Alpha hemolysin Edit

Alpha hemolysin (αHL), a nanopore from bacteria that causes lysis of red blood cells, has been studied for over 15 years. [15] To this point, studies have shown that all four bases can be identified using ionic current measured across the αHL pore. [16] [17] The structure of αHL is advantageous to identify specific bases moving through the pore. The αHL pore is

10 nm long, with two distinct 5 nm sections. The upper section consists of a larger, vestibule-like structure and the lower section consists of three possible recognition sites (R1, R2, R3), and is able to discriminate between each base. [16] [17]

Sequencing using αHL has been developed through basic study and structural mutations, moving towards the sequencing of very long reads. Protein mutation of αHL has improved the detection abilities of the pore. [18] The next proposed step is to bind an exonuclease onto the αHL pore. The enzyme would periodically cleave single bases, enabling the pore to identify successive bases. Coupling an exonuclease to the biological pore would slow the translocation of the DNA through the pore, and increase the accuracy of data acquisition.

Notably, theorists have shown that sequencing via exonuclease enzymes as described here is not feasible. [19] This is mainly due to diffusion related effects imposing a limit on the capture probability of each nucleotide as it is cleaved. This results in a significant probability that a nucleotide is either not captured before it diffuses into the bulk or captured out of order, and therefore is not properly sequenced by the nanopore, leading to insertion and deletion errors. Therefore, major changes are needed to this method before it can be considered a viable strategy.

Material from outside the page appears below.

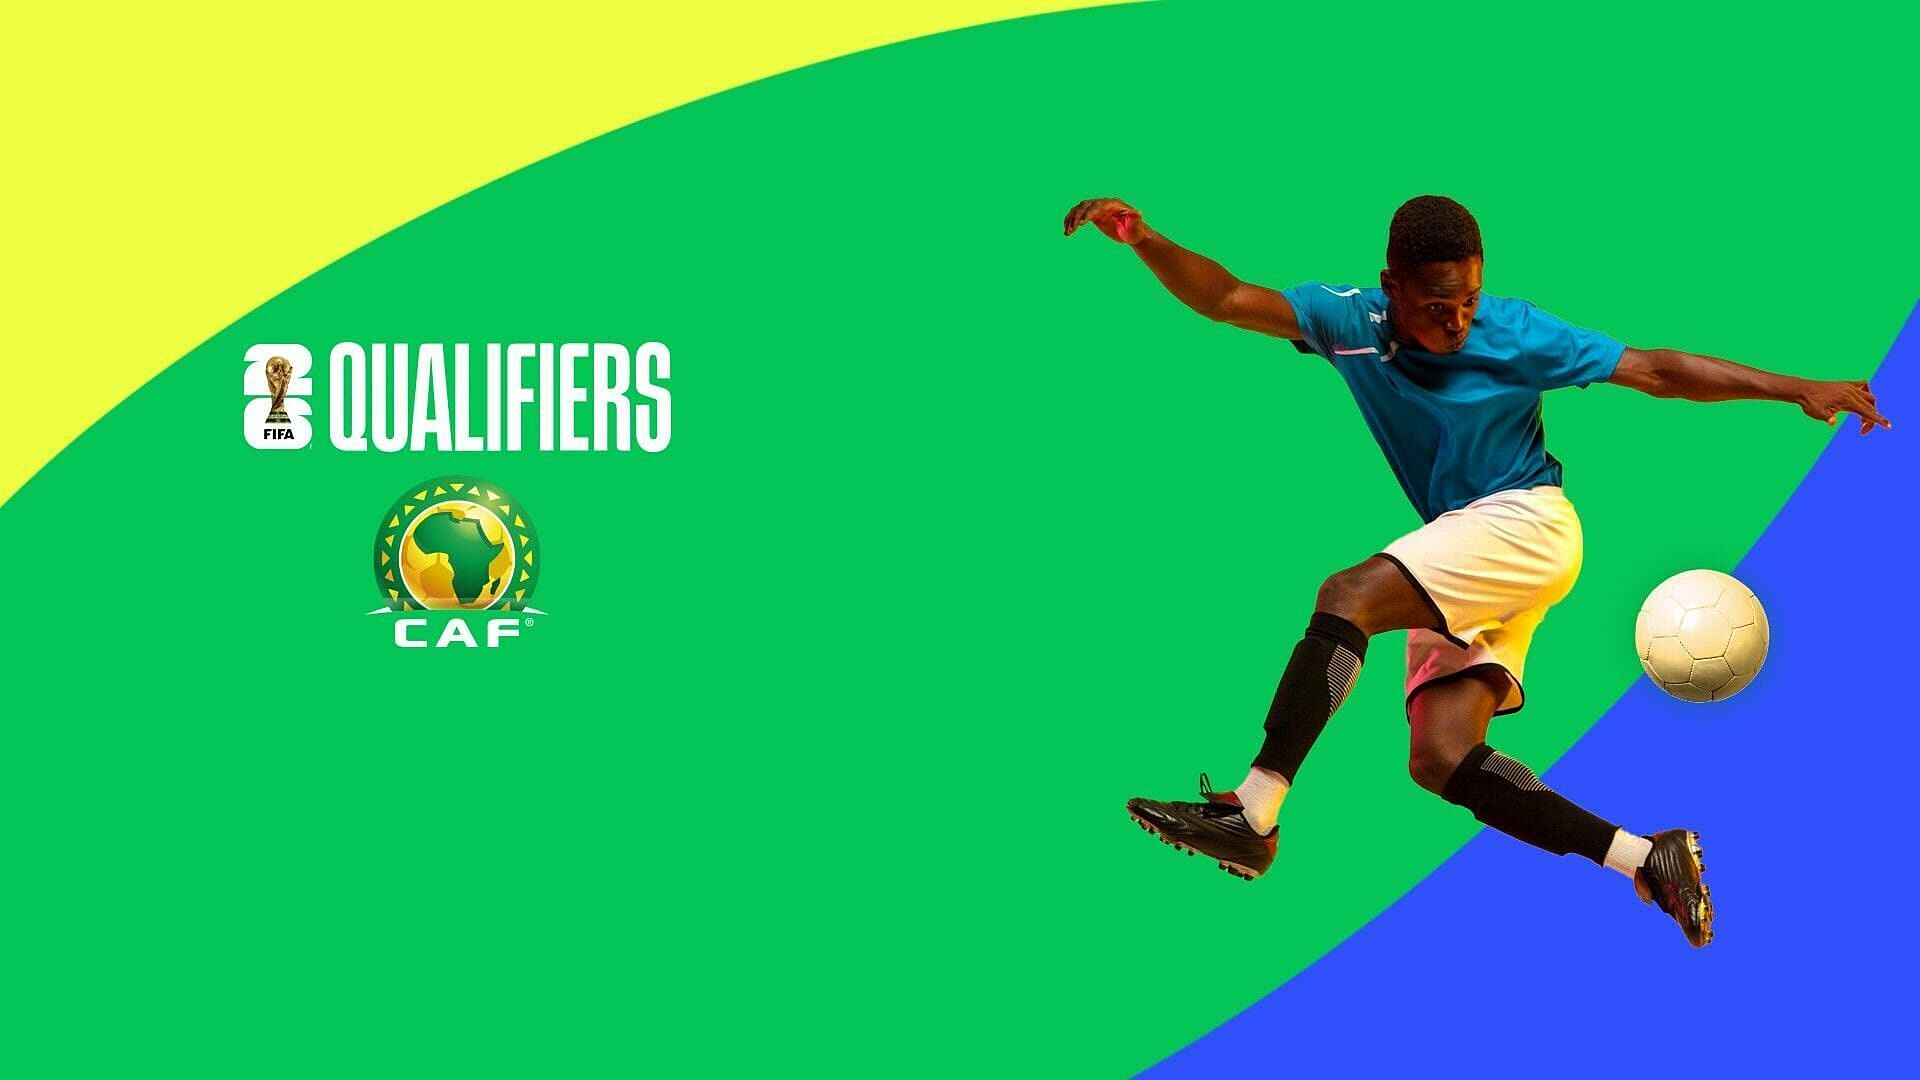 Nogomet - Kvalifikacije za SP (Afrika): Seychelles - Burundi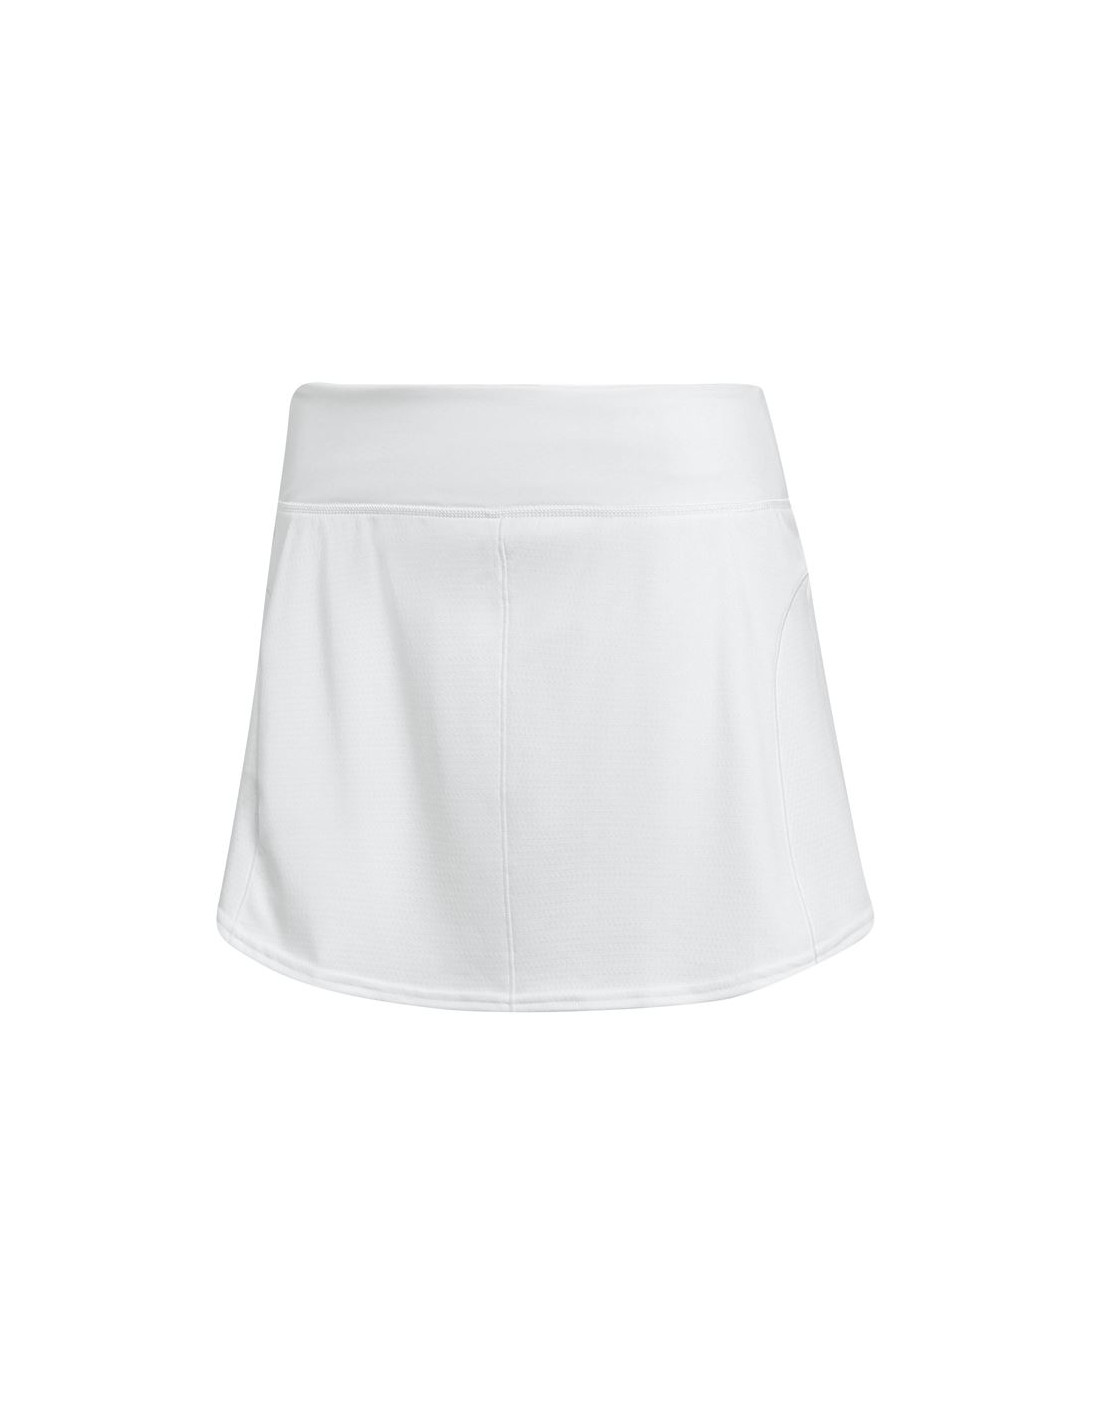 Falda de tenis adidas match w white

A recent study has pointed to the ability of αHL to detect nucleotides at two separate sites in the lower half of the pore. [20] The R1 and R2 sites enable each base to be monitored twice as it moves through the pore, creating 16 different measurable ionic current values instead of 4. This method improves upon the single read through the nanopore by doubling the sites that the sequence is read per nanopore.

MspA Edit

Mycobacterium smegmatis porin A (MspA) is the second biological nanopore currently being investigated for DNA sequencing. The MspA pore has been identified as a potential improvement over αHL due to a more favorable structure. [21] The pore is described as a goblet with a thick rim and a diameter of 1.2 nm at the bottom of the pore. [22] A natural MspA, while favorable for DNA sequencing because of shape and diameter, has a negative core that prohibited single stranded DNA(ssDNA) translocation. The natural nanopore was modified to improve translocation by replacing three negatively charged aspartic acids with neutral asparagines. [23]

The electric current detection of nucleotides across the membrane has been shown to be tenfold more specific than αHL for identifying bases. [21] Utilizing this improved specificity, a group at the University of Washington has proposed using double stranded DNA (dsDNA) between each single stranded molecule to hold the base in the reading section of the pore. [21] [23] The dsDNA would halt the base in the correct section of the pore and enable identification of the nucleotide. A recent grant has been awarded to a collaboration from UC Santa Cruz, the University of Washington, and Northeastern University to improve the base recognition of MspA using phi29 polymerase in conjunction with the pore. [24]

Solid state Edit

Solid state nanopore sequencing approaches, unlike biological nanopore sequencing, do not incorporate proteins into their systems. Instead, solid state nanopore technology uses various metal or metal alloy substrates with nanometer sized pores that allow DNA or RNA to pass through. These substrates most often serve integral roles in the sequence recognition of nucleic acids as they translocate through the channels along the substrates. [25]

Tunneling current Edit

Measurement of electron tunneling through bases as ssDNA translocates through the nanopore is an improved solid state nanopore sequencing method. Most research has focused on proving bases could be determined using electron tunneling. These studies were conducted using a scanning probe microscope as the sensing electrode, and have proved that bases can be identified by specific tunneling currents. [26] After the proof of principle research, a functional system must be created to couple the solid state pore and sensing devices.

Researchers at the Harvard Nanopore group have engineered solid state pores with single walled carbon nanotubes across the diameter of the pore. [27] Arrays of pores are created and chemical vapor deposition is used to create nanotubes that grow across the array. Once a nanotube has grown across a pore, the diameter of the pore is adjusted to the desired size. Successful creation of a nanotube coupled with a pore is an important step towards identifying bases as the ssDNA translocates through the solid state pore.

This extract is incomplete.